Action item:
An exact restatement of the data is required, with the images omitted.

** Opening Data excerpt block **

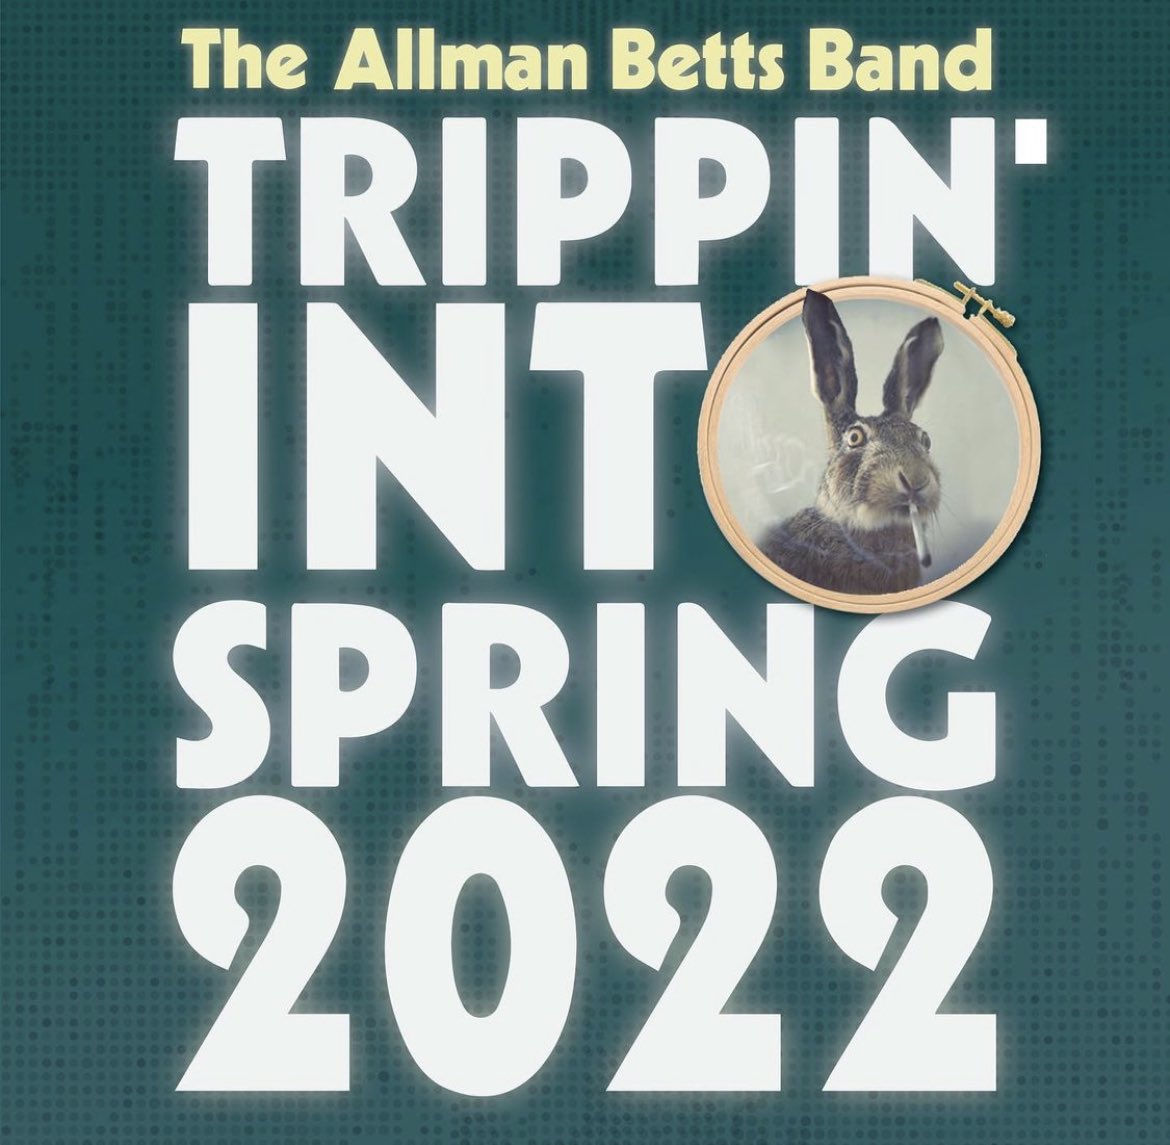 We have added more tour dates to the spring. Get your tickets at allmanbettsband.com today
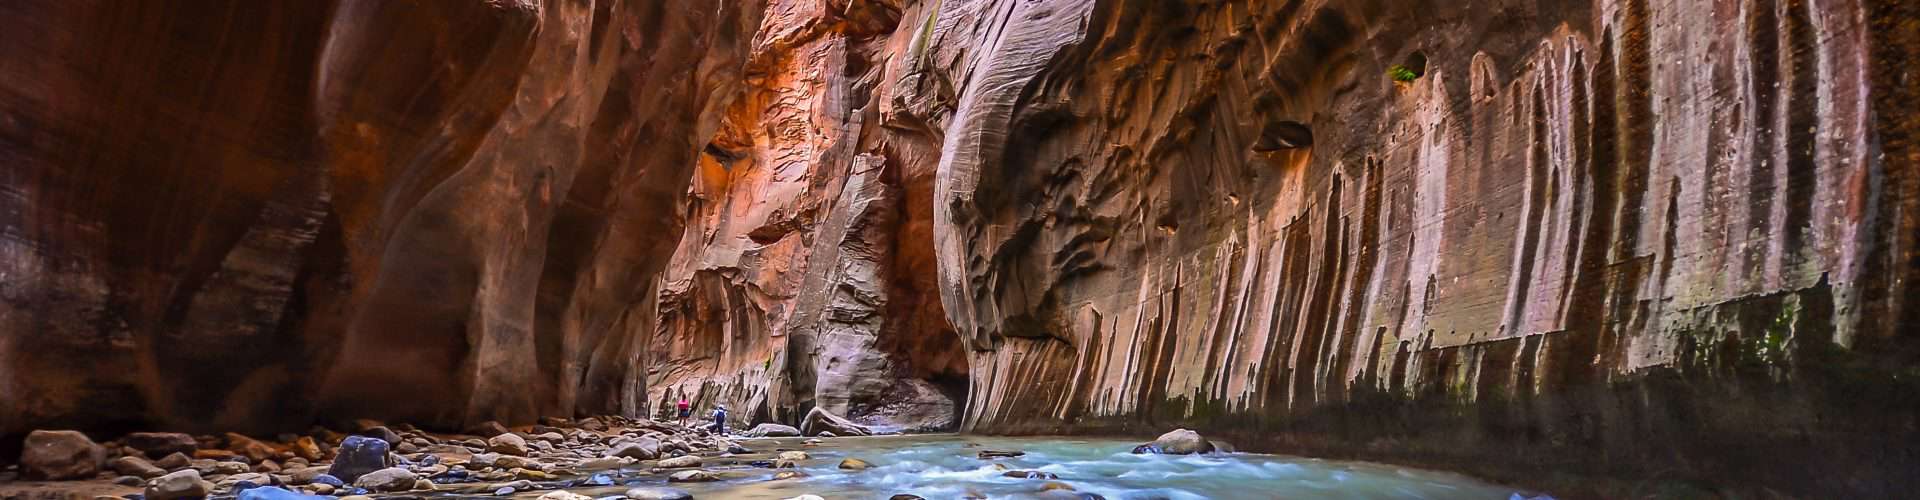 A tight corridor of the Narrows in Zion National Park
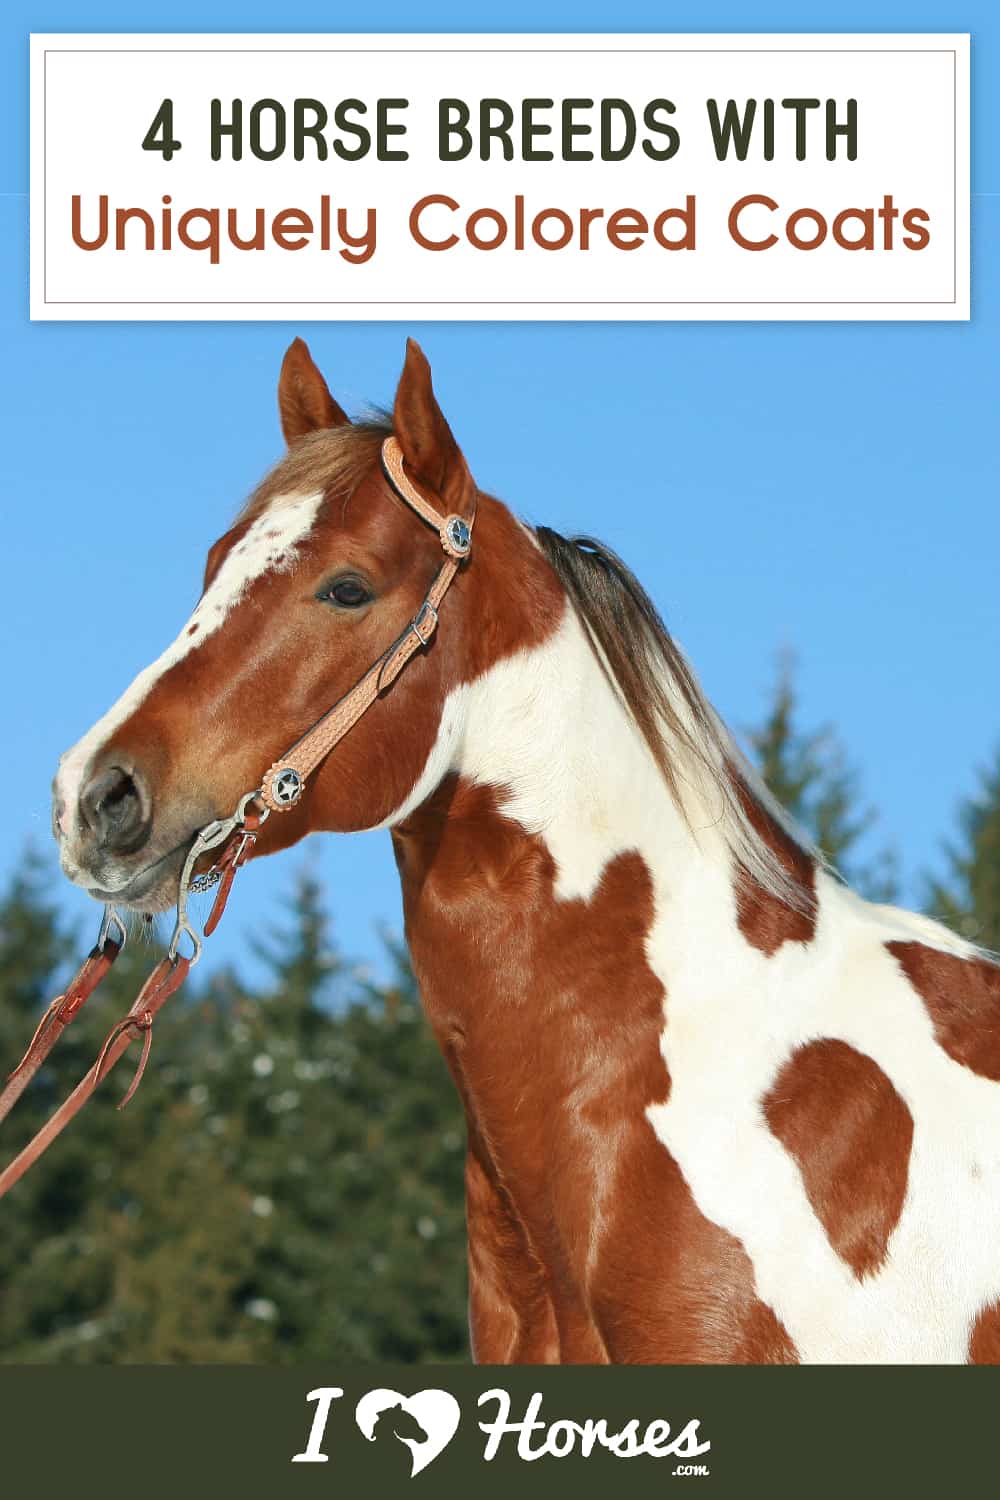 4 Horse Breeds With Uniquely Colored Coats

** Closing Data excerpt block **

Response for this exercise:
 We have added more tour dates to the spring. Get your tickets at allmanbettsband.com today
 A tight corridor of the Narrows in Zion National Park
 4 Horse Breeds With Uniquely Colored Coats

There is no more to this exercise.